■ **Exercise directions**:
Any picture must be dropped, but each line of the data should be duplicated exactly.

■ **Data excerpt**:
--------------------

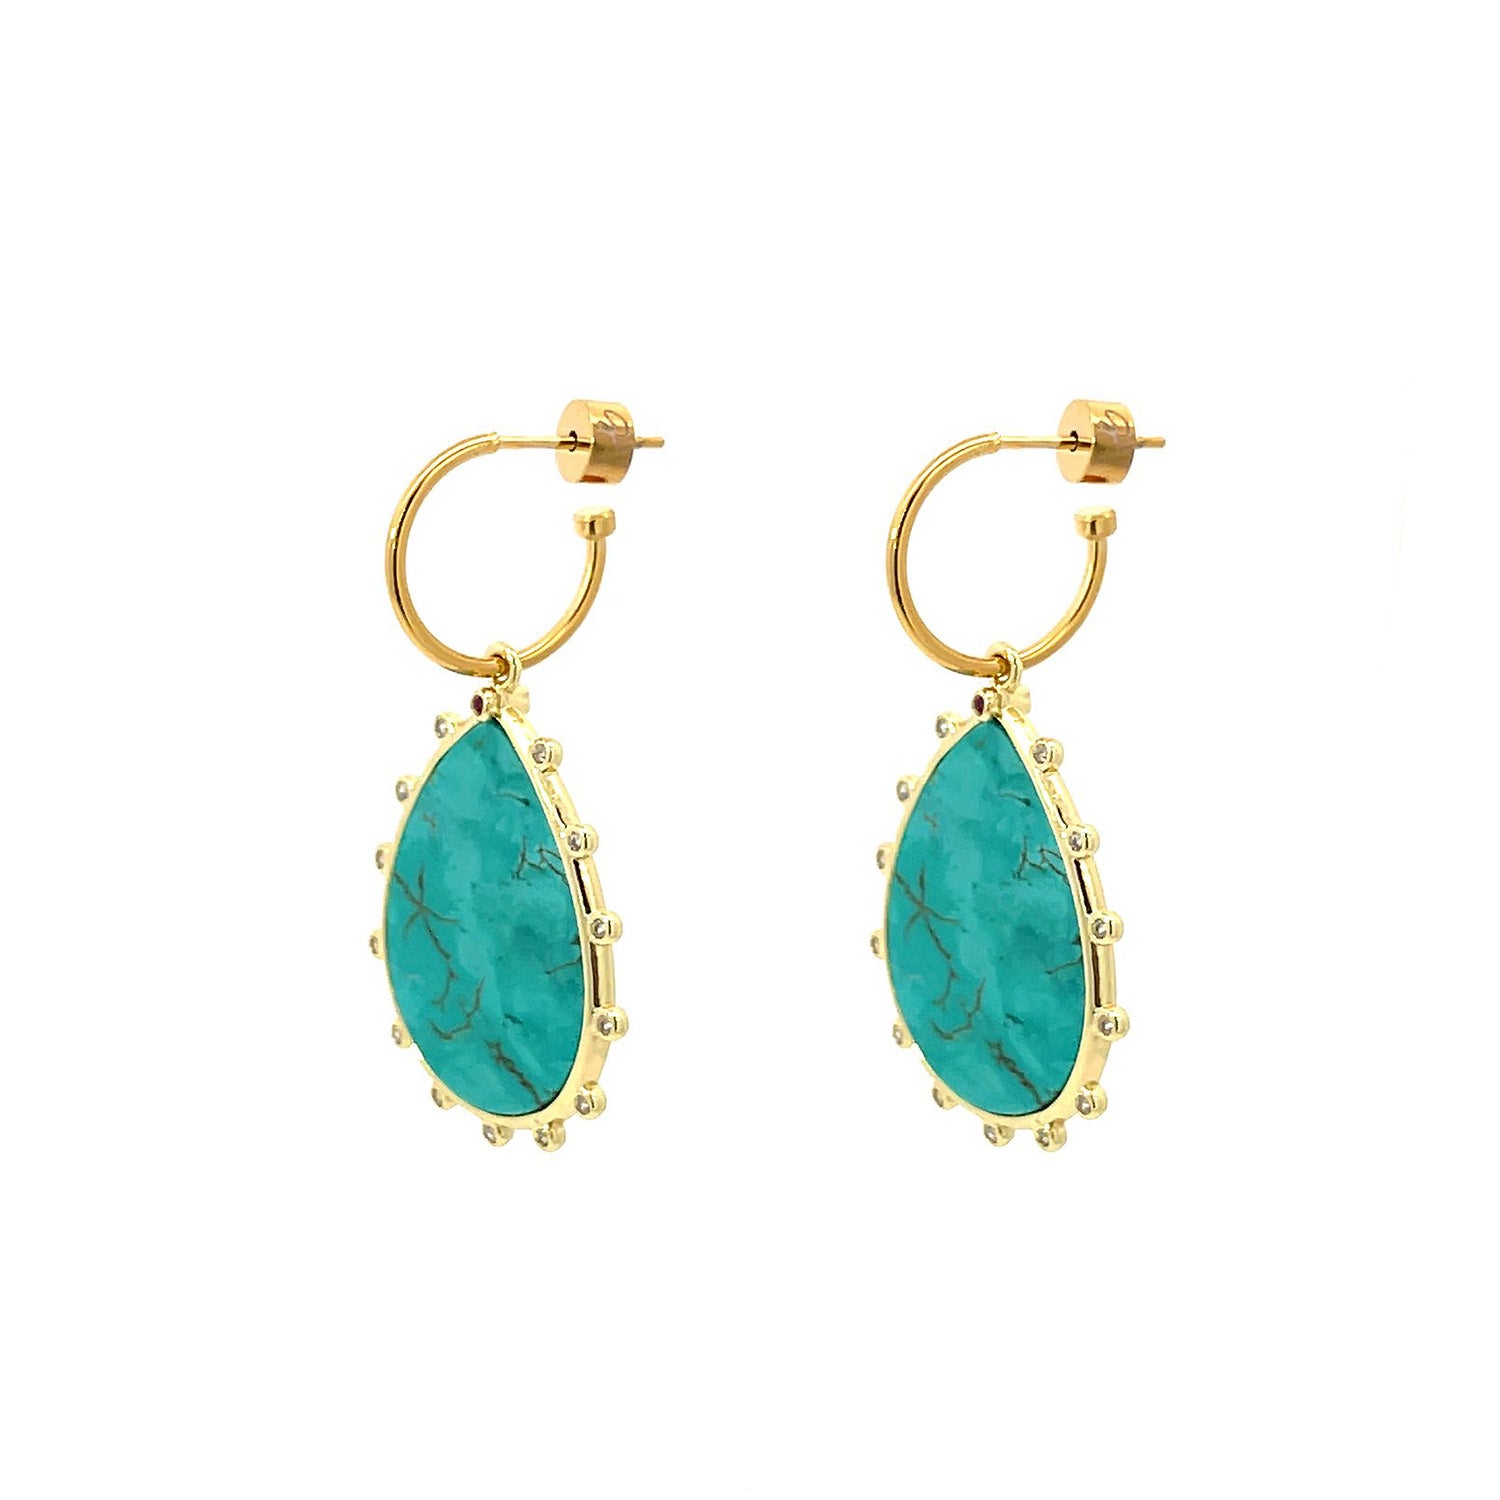 Discover Turquoise Drop Earrings Online - Gosia Orlowska
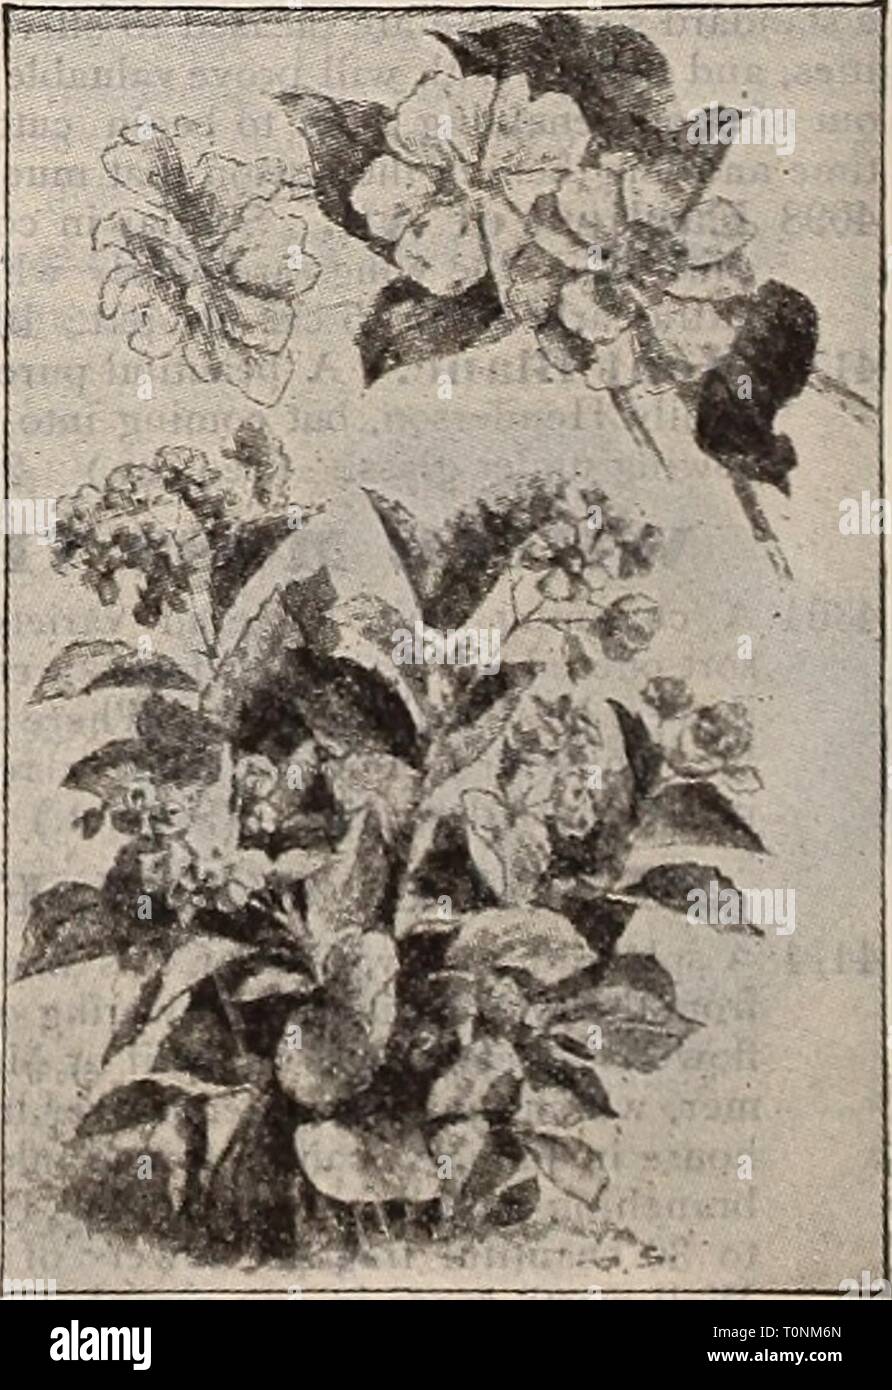 Dreer's 1901 garden calendar (1901) Dreer's 1901 garden calendar  dreers1901garden1901henr Year: 1901  Arabis Alpina Fl. Pl. BEGONIA CAEEDONIA. The White-flowerius Gloire tie Lorraine. Of the many Begonias now in cultivation, none has become so quickly popular as Gloire de Lorraine. Many florists in the larger cities grow entire houses of this variety alone I'or Christmas sales, at which time plants in 6-inch [lols frequently sell at from $3.00 to $6.00 each. In Caledonia we have an exact counterpart of Lorraine, except in color, which, in place of pink, is a pleasing pearly-white. The plant h Stock Photo
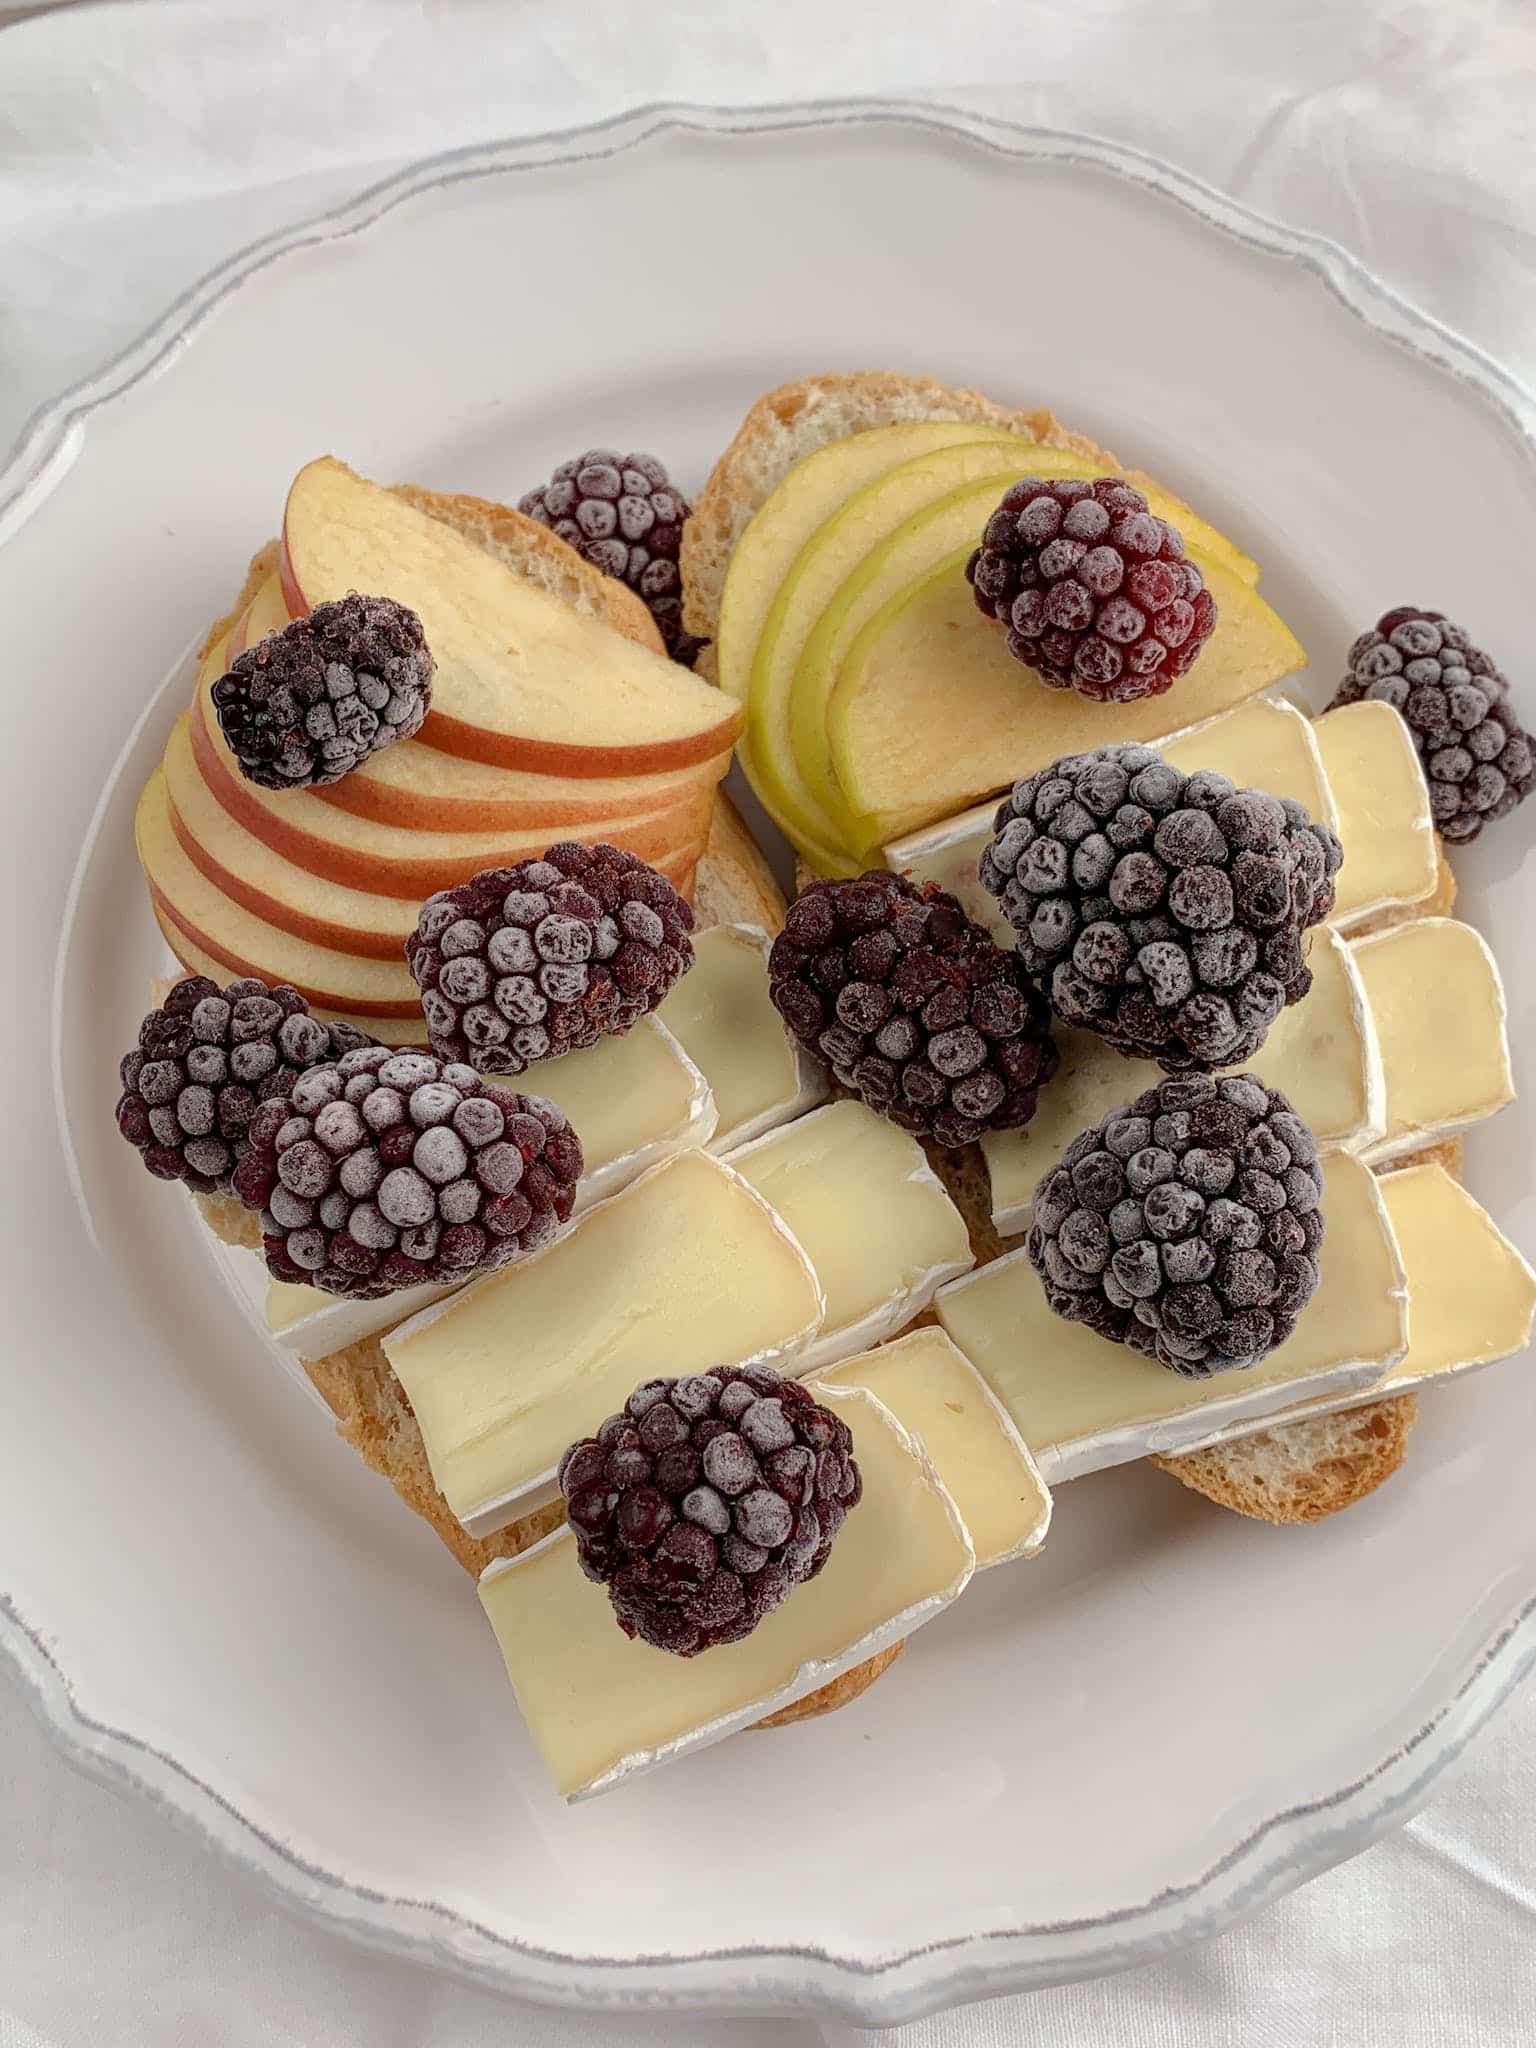 Bread with Slices of Apple and Berries on Top

--------------------

■ **Solution for this task**:
 Discover Turquoise Drop Earrings Online - Gosia Orlowska
 Dreer's 1901 garden calendar (1901) Dreer's 1901 garden calendar  dreers1901garden1901henr Year: 1901  Arabis Alpina Fl. Pl. BEGONIA CAEEDONIA. The White-flowerius Gloire tie Lorraine. Of the many Begonias now in cultivation, none has become so quickly popular as Gloire de Lorraine. Many florists in the larger cities grow entire houses of this variety alone I'or Christmas sales, at which time plants in 6-inch [lols frequently sell at from $3.00 to $6.00 each. In Caledonia we have an exact counterpart of Lorraine, except in color, which, in place of pink, is a pleasing pearly-white. The plant h Stock Photo
 Bread with Slices of Apple and Berries on Top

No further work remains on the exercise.